Pemerintah tiap negara perlu membangun mekanisme permanen tentang penangguhan otomatis HKI saat terjadi kondisi darurat kesehatan. Di sisi lain, ia menyayangkan bahwa kebijakan kesehatan saat ini ada di tangan pemangku kepentingan perdagangan, bukan kesehatan.
”Produk kesehatan yang dibutuhkan untuk kesehatan masyarakat adalah barang publik sehingga membutuhkan arahan publik dalam produksinya. Kita butuh produksi vaksin dan obat-obatan yang dipimpin oleh publik,” kata Barria pada forum C20 di Mataram, NTB, Jumat (10/6/2022).
Pembahasan di G20
C20 yang terdiri dari organisasi masyarakat sipil berencana mendorong Pemerintah Indonesia mengangkat isu pemerataan vaksin di forum G20. Sebagai tuan rumah G20 tahun 2022, Indonesia diharapkan mampu mendorong negara-negara anggota G-20 untuk menyetujui TRIPS Waiver.
Produk kesehatan yang dibutuhkan untuk kesehatan masyarakat adalah barang publik sehingga membutuhkan arahan publik dalam produksinya. Kita butuh produksi vaksin dan obat-obatan yang dipimpin oleh publik.
Hal ini dinilai penting mengingat ketimpangan akses vaksin Covid-19 di dunia. Menurut Our World in Data, per 18 Juni 2022, sebanyak 11,98 miliar dosis vaksin telah diberikan ke warga dunia. Sebanyak 66,3 persen orang di dunia telah menerima setidaknya satu dosis vaksin Covid-19. Namun, hanya 17,8 persen orang di negara berpendapatan rendah yang menerima satu dosis vaksin.
Di sisi lain, cakupan vaksinasi di Eropa rata-rata di atas 70 persen. Negara Eropa bahkan telah memberi vaksin penguat ke warganya. Sementara itu, cakupan vaksinasi di beberapa negara seperti Burundi, Haiti, Papua Niugini, dan Kongo di bawah 5 persen.
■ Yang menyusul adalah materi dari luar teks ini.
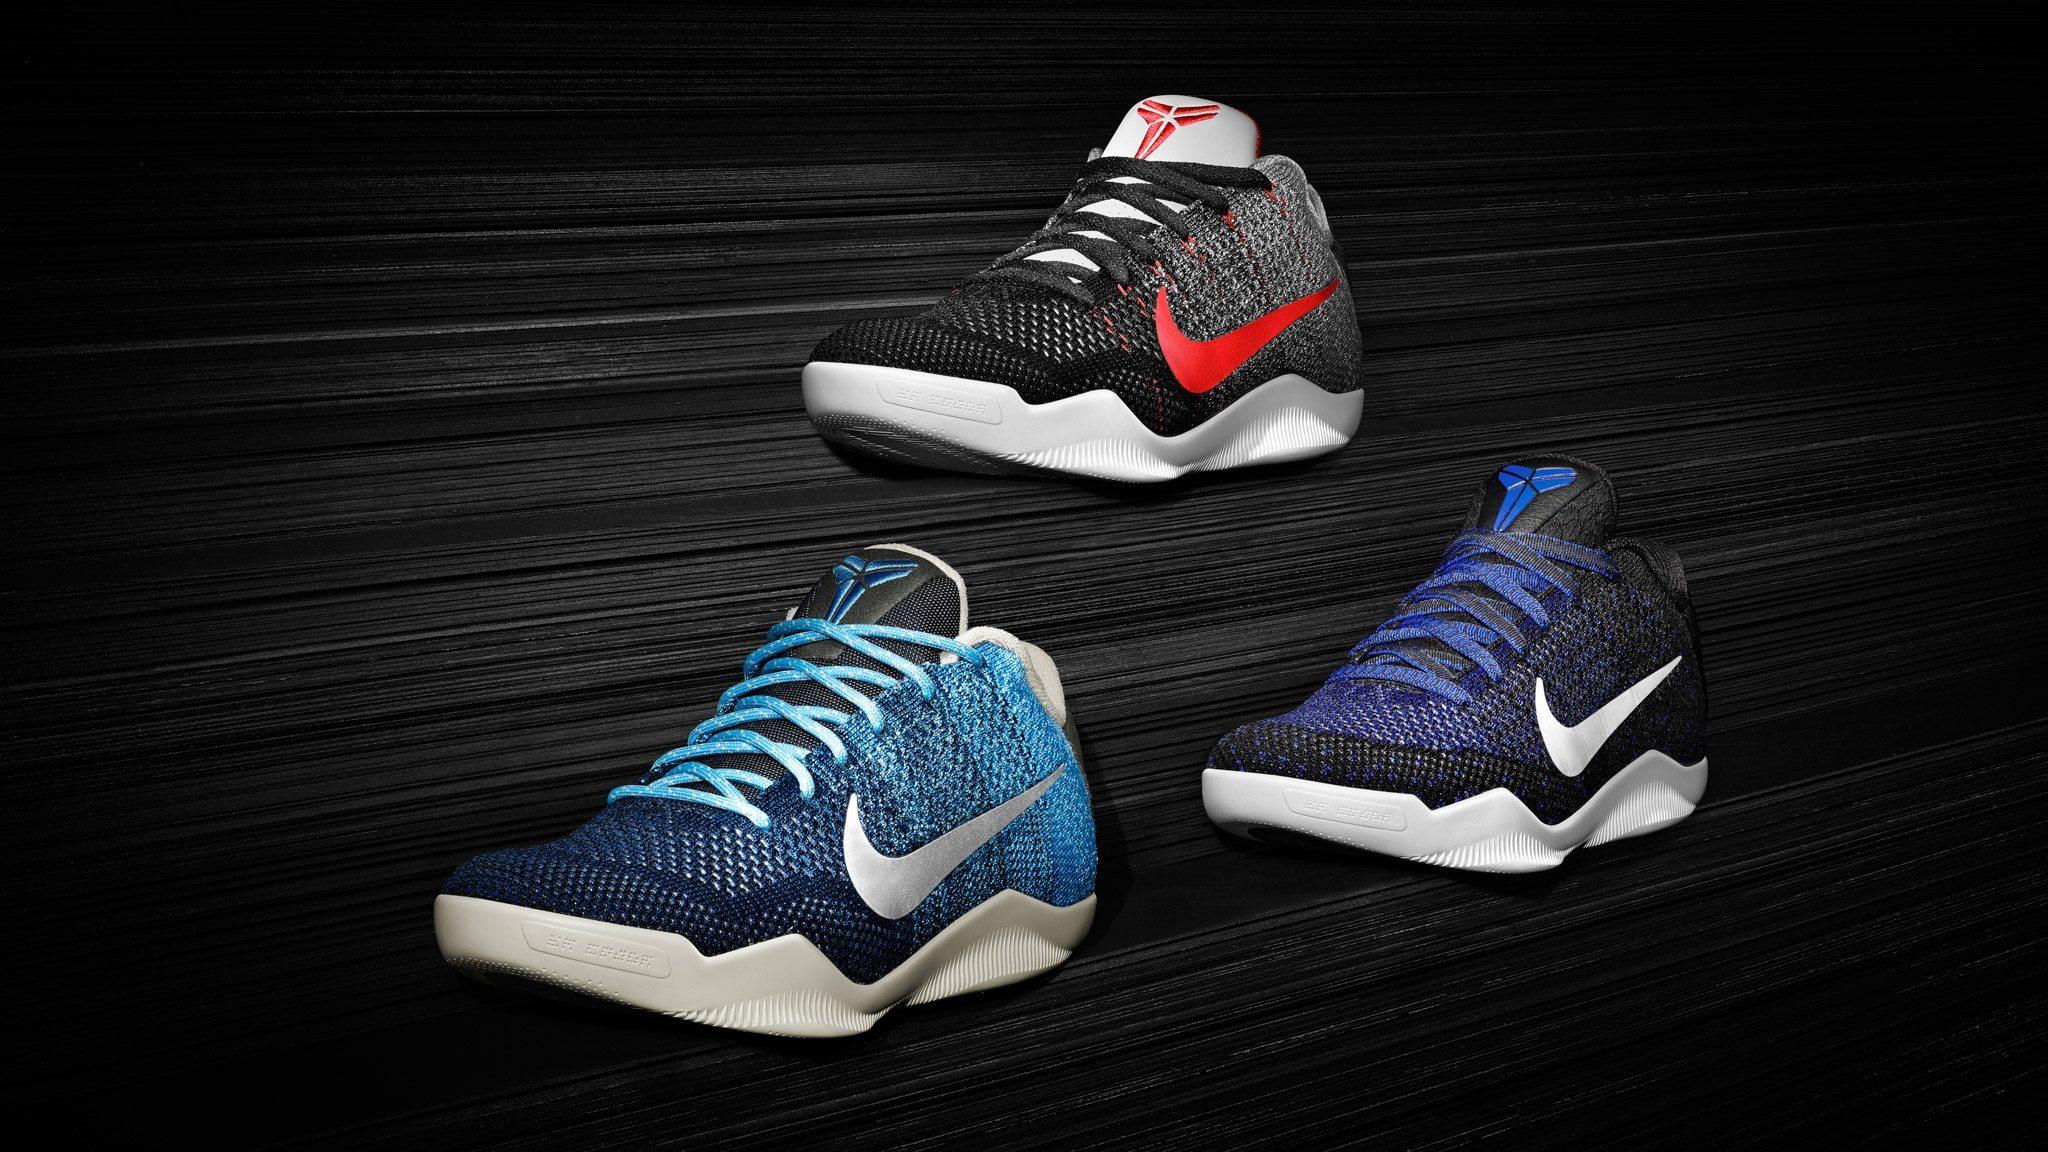 Nike Kobe 11 Muse Pack 1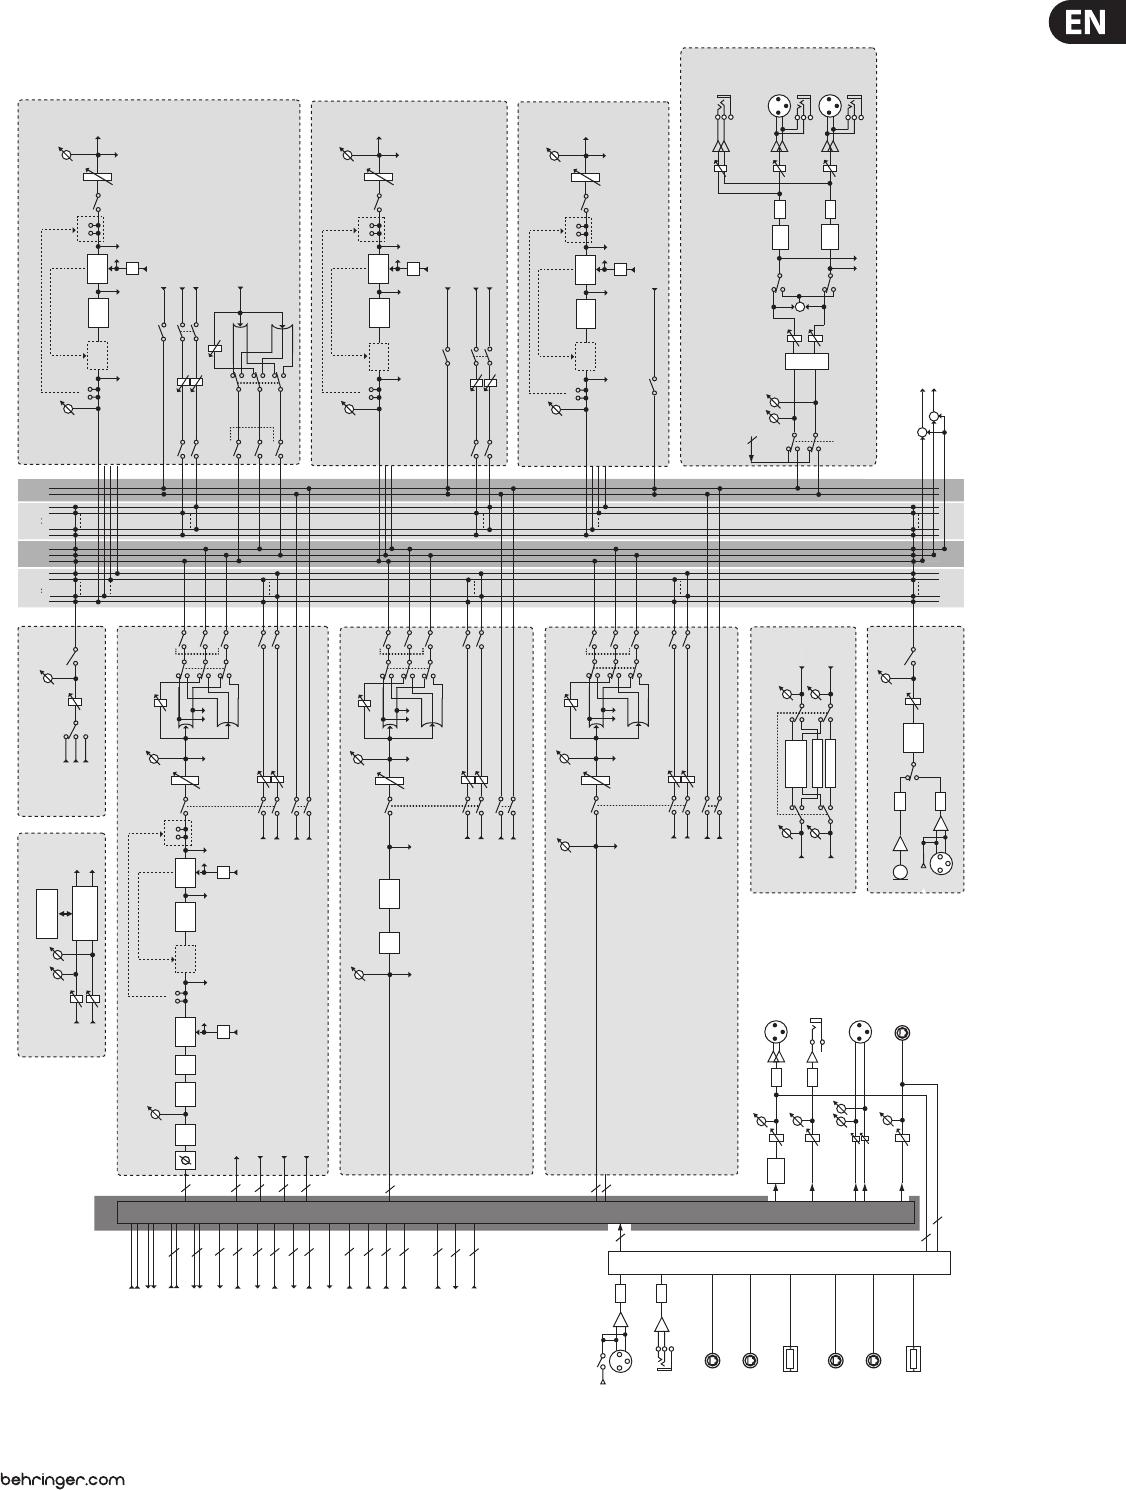 Handleiding Behringer X32  Pagina 65 Van 70   English

Perwakilan People Vaccine Alliance, Maaza Seyoum, mengatakan, kematian akibat pandemi Covid-19 bagi penduduk negara miskin 1,3 kali lebih tinggi dibanding negara kaya. Kerentanan orang miskin dan kelompok minoritas bahkan bertambah saat pandemi.
”Sebanyak 160 juta orang telah jatuh ke dalam kemiskinan (akibat pandemi Covid-19), sedangkan 10 orang terkaya melipatgandakan keuntungan,” kata Seyoum secara daring pada forum C20 di Mataram, Jumat (10/6/2022). Perusahaan farmasi memperoleh 1.000 dollar AS per detik selama pandemi.
Menurut catatan WTO, sepanjang tahun 2020, perdagangan produk-produk medis tumbuh 16,3 persen dibandingkan tahun 2019 yang sebesar 4,7 persen. perdagangan obat berkontribusi 52,2 persen dari total perdagangan obat dan suplemen 17,3 persen, peralatan medis 13,1 persen, serta masker 11,1 persen.
Adapun MarketsandMarkets Research memproyeksikan total nilai pasar vaksin global dapat mencapai 58,4 miliar dollar AS pada 2024. Angka ini naik dari 2019 yang sebesar 41,7 miliar dollar AS. Laju pertumbuhan tahunan (CAGR) nilai pasar vaksin global rata-rata 4 persen (Kompas.id, 4/8/2021).
Seyoum menilai bahwa yang terjadi saat ini di dunia adalah ketidaksetaraan. Menurutnya, pasokan vaksin Covid-19 di dunia cukup, tapi terhalang oleh monopoli hak paten. Sejumlah negara kaya juga menimbun vaksin.
”Akses vaksin yang tidak merata merupakan bentuk segregasi ekonomi, sosial, dan rasial. Pemikiran bahwa Afrika aman dari Covid-19 karena panas dan banyak ruang terbuka itu salah. Jumlah orang yang meninggal karena Covid-19 diperkirakan lebih banyak dari data karena ada yang wafat sebelum sempat dites,” tambahnya.